The parser grammar includes the token vocabulary from the lexer - which should baseline the tokens available to the grammar.
parser grammar Java6Parse;
options {
tokenVocab=Java6Lex;
backtrack=true;
memoize=true;
output=AST;
language = CSharp3;
}
Now let's say, I want to take fieldDeclaration and turn it into a rooted node using a rewrite rule. I assumed (clearly wrongly) that I could introduce the imaginary token directly into the parser grammar as follows:
fieldDeclaration
: modifiers type variableDeclarator (COMMA variableDeclarator)* SEMI
-> ^(FIELD modifiers type variableDeclarator+)
;
However, this simply results in the following error occurring:
reference to undefined token in rewrite rule: FIELD
No problem, I get that, I didn't define it. So, I try to define it in the tokens section in the parser grammar.
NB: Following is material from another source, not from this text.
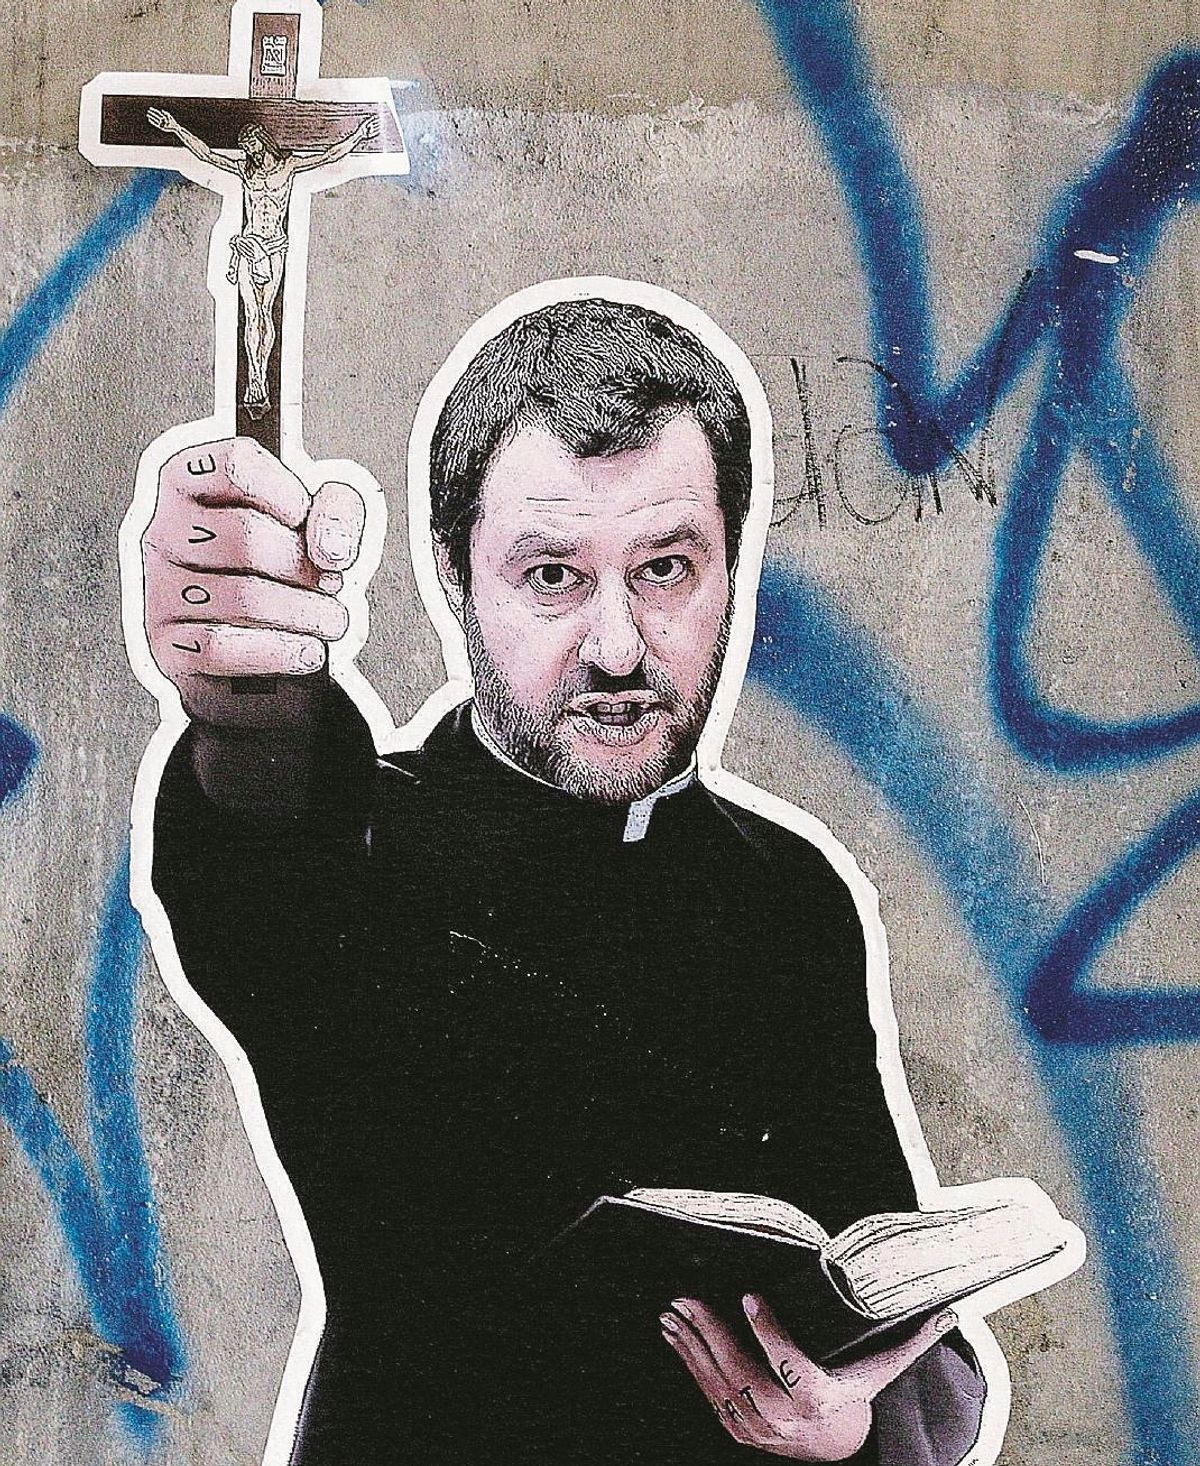 Ma sui temi religiosi Salvini deve passare dalle preghiere alle azioni concrete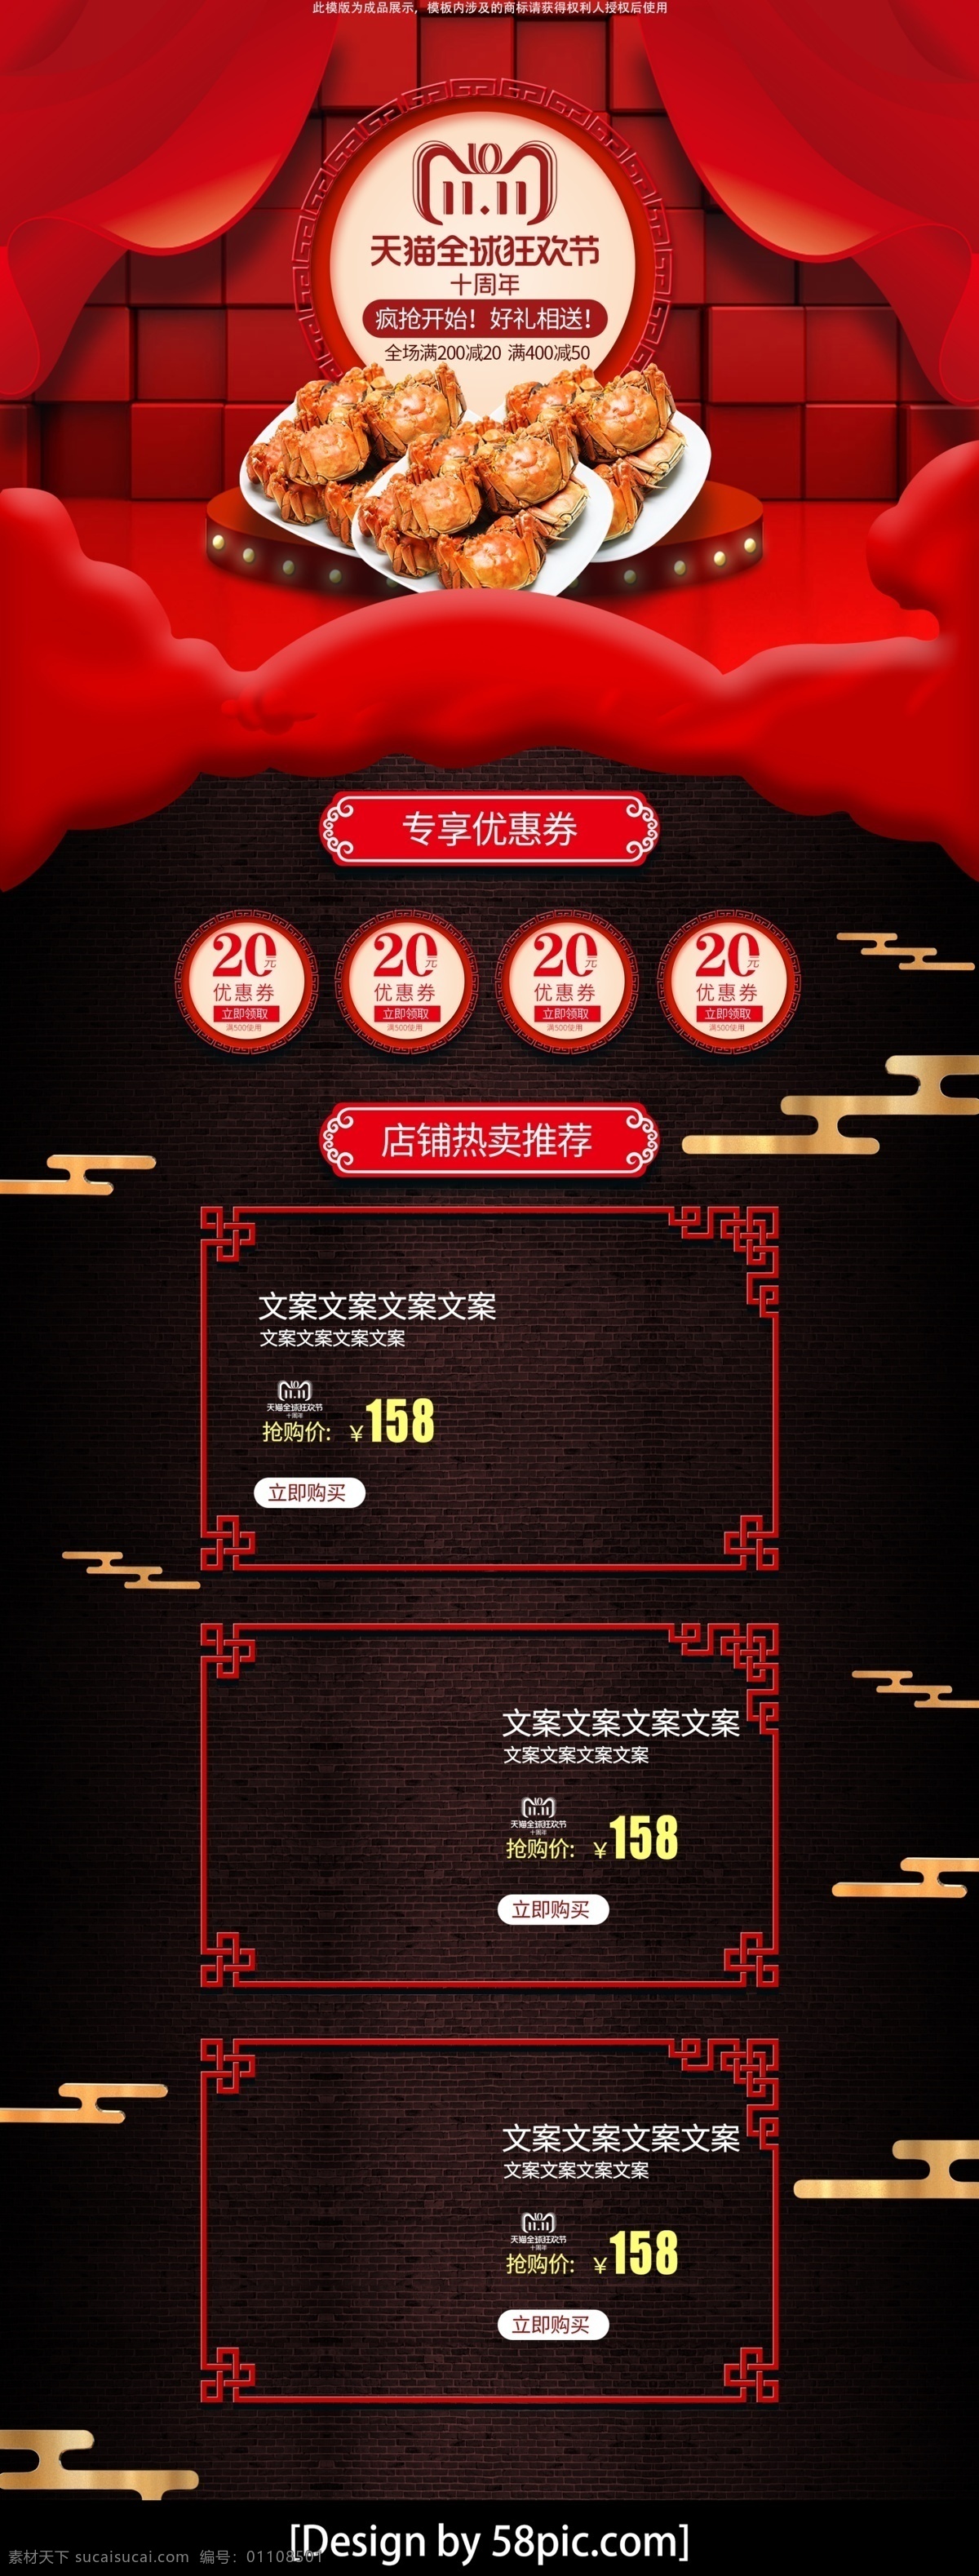 中国 风 双 页面 红色 食品 大闸蟹 双11 促销 中国风 双十一首页 红色页面

Again, thinking wrongly, that the tokenVocab should provide a baseline.
tokens { FIELD; }
Nope, seems that even defining an tokens block results in an EarlyExitException and an error indicating that Java6Parse.g has no rules. I figured, the parser grammar simply doesn't like tokens being defined in the parser. So, I defined it in the lexer. Again, that failed. Then I defined every token in both the lexer and parser - again, failure.
So, here's what I need to know. Is there a way to define an imaginary token when the lexer and parser are separated and if so how. If not, is the only option to combine the grammar and lexer back into the same file?